DIY: From Black Box to Open Book

Time and technology help open the black box. 

Twenty years ago, when folks talked about DIY research, what came to mind was Survey Monkey – which was pretty much a joke at that point.

Nonetheless, both client and supply side researchers were threatened, especially on the supply side.

Client researchers felt that their internal clients would soon be fielding their own, very bad studies. Likewise, suppliers feared that clients would use the tools to do all of their own market research.

Clients thought this would lead to misguided business plans and suppliers saw it as a threat to their livelihood and business.

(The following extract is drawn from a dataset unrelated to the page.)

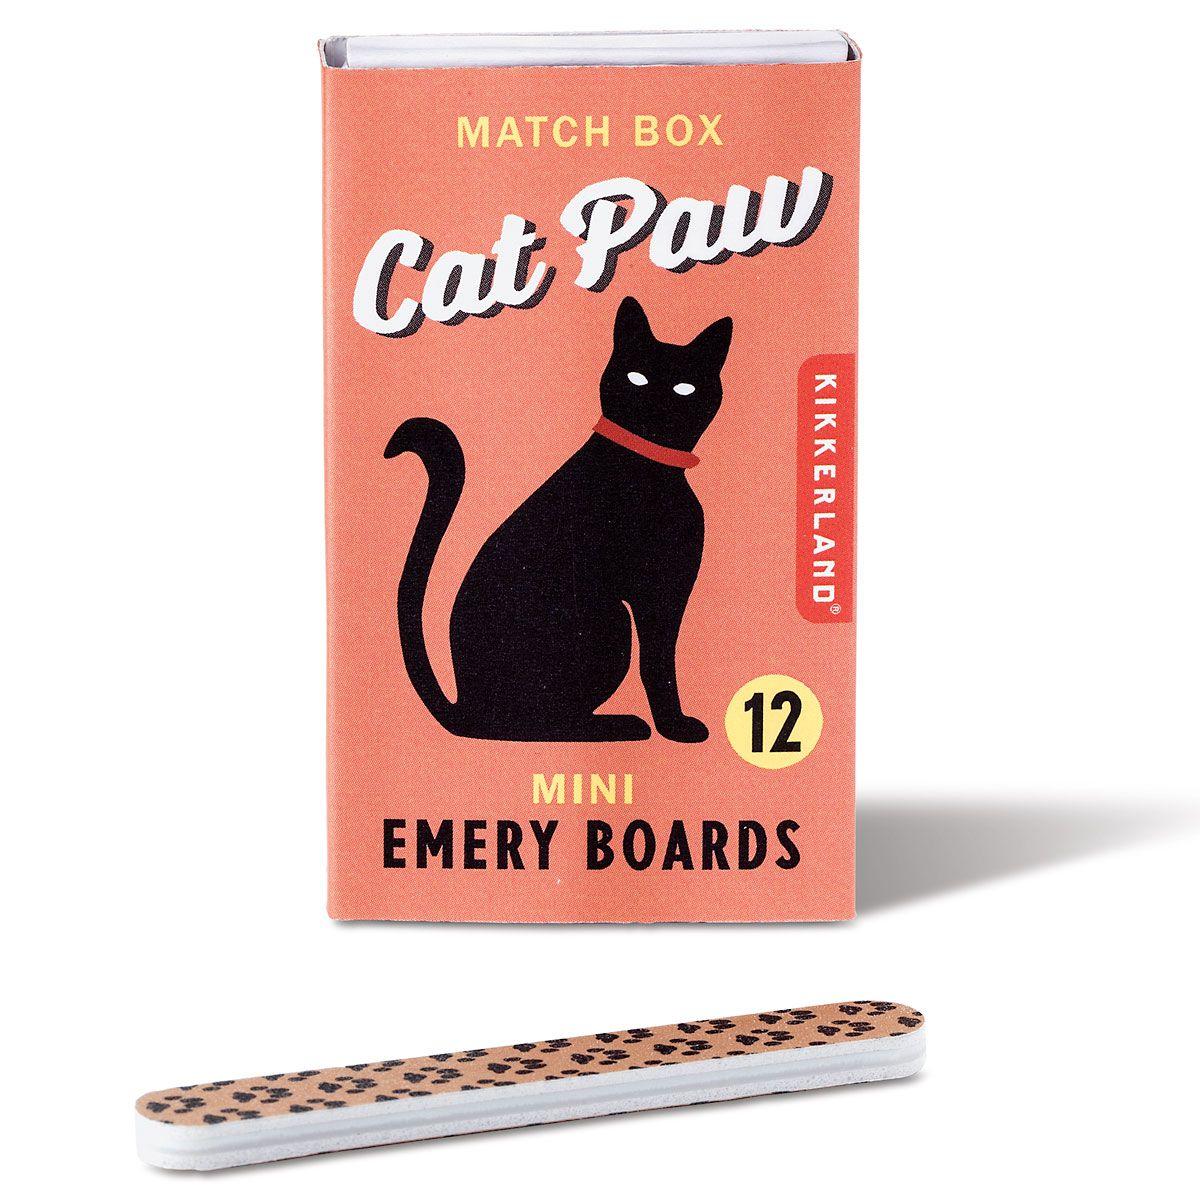 Match Box Emery Boards - Cat Paw

All of these were valid concerns and the fears were realized to some extent. But, for the most part, client departments remained intact and market research suppliers were not put out of business.

Nonetheless, the market research ecosystem was much more insular than it is today. Research suppliers were:

  • Less likely to collaborate with clients (“working for” and not “with” them)
  • More likely to position tools and methods as “proprietary”
  • Not using DIY as it is today (was still mostly a “Joke”)

Despite all of this, the market for DIY tools did grow and both client and supply side researchers found value in leveraging them.

With the opening of the box came true research partnerships

As DIY research tools expanded and new players (from outside market research) entered the marketplace, innovation and the quality of the offerings were enhanced. As often happens with open markets and disruption, DIY research became a thriving option for both client and supply side researchers.

The combination of new software, technology, and now artificial intelligence solutions has created a different world for market researchers.

The black box has opened and the relationship can now be described as more of an “open book.”  Now the relationship between client and supplier can be described as a partnership in most cases. This is not all due to DIY, but all factors feed into the need and acceptance of DIY. For example:

  • Now many DIY tools cover text analytics to advanced survey fielding and analysis
  • Client Budgets have remained restricted necessitating creative approaches
  • Client Researchers have up’ed their game and advanced their market research education
  • Tools are much better now
  • Software as a service (SaaS) has made DIY much easier
  • The new players (programmers, engineers, etc.) bring new perspectives.